Есть Фредерике совсем не хотелось. Но, уступив настояниям г-жи Трихтер, она заставила себя перекусить. Поев через силу, она тотчас ушла к себе в комнату.
Она прождала до полуночи.
Но когда и в полночь Самуил не появился, девушка, измученная дорогой и волнениями, легла и уснула.
Тем не менее нетерпение разбудило ее очень рано.
Она позвонила. Прибежала г-жа Трихтер.
– Господин Самуил Гельб приехал? – спросила Фредерика.
– Нет еще, сударыня. Но вот письмо от него пришло.
– Письмо? – воскликнула девушка. – Но почему письмо, когда он должен был приехать сам? Скорее же, давай его сюда.
Она схватила письмо и стала читать вслух:
«Мое дорогое дитя!
Я рассчитывал, как и обещал, выехать около полудня, чтобы присоединиться к Вам. Но мне свалилось на голову непредвиденное дело, имеющее самое непосредственное отношение к моим политическим убеждениям. Мне придется задержаться здесь до вечера, причем позднего, а может статься, что и до завтра. Поэтому не ждите меня в Страсбурге.
По получении сего письма, не медля, продолжайте свой путь в Эбербах, где предупреждены о Вашем прибытии и встретят Вас как королеву.
Что до Юлиуса, то будьте покойны. Через несколько часов, даже раньше, чем он узнает о Вашем отъезде, я поведаю ему о великодушном решении, подсказанном Вашей преданностью. Я надеюсь на лучшее. Кто знает, не захочет ли он поехать вместе со мной, чтобы самому выразить Вам свою признательность? Это еще одна причина, почему мне есть смысл задержаться в Париже на несколько часов.
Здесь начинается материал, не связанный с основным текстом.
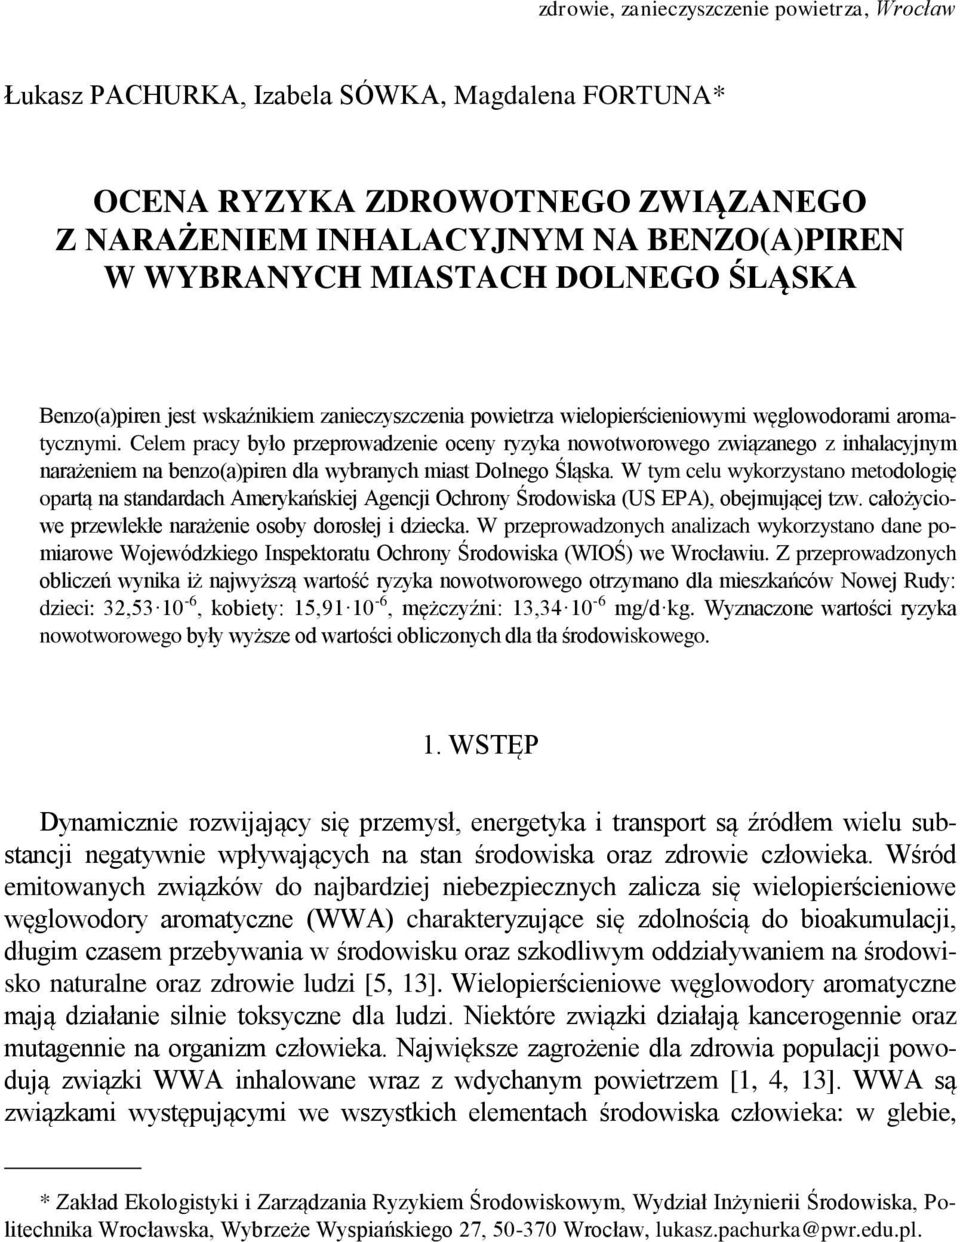 Celem pracy było przeprowadzenie oceny ryzyka nowotworowego związanego z inhalacyjnym narażeniem na benzo(a)piren dla wybranych miast Dolnego Śląska.

Когда прибудете в Эбербах, Вы на следующий же день или чуть позже получите письмо, откуда узнаете обо всем, что здесь было сказано, сделано и решено.
Берегите себя хорошенько. Скажите госпоже Трихтер, что я всецело поручаю Вас ее заботам и возлагаю на нее всю ответственность за малейшую неприятность или недомогание, которые могут приключиться с Вами.
До скорой встречи.
Ваш друг
Самуил Гельб».
– Я возвращаюсь в Париж, – объявила Фредерика, дочитав письмо.
– Как так?! – г-жа Трихтер в изумлении всплеснула руками. – Почему?
– Да! – сказала Фредерика. – Я провела два слишком скверных дня – вчерашний и позавчерашний. И надеялась, что, по крайней мере, сегодня явится человек, способный меня успокоить, поговорить со мной, но, раз господин Самуил Гельб не приехал, я возвращаюсь к господину графу. Не желаю снова оказаться предоставленной себе самой. Прикажите, чтобы подавали лошадей.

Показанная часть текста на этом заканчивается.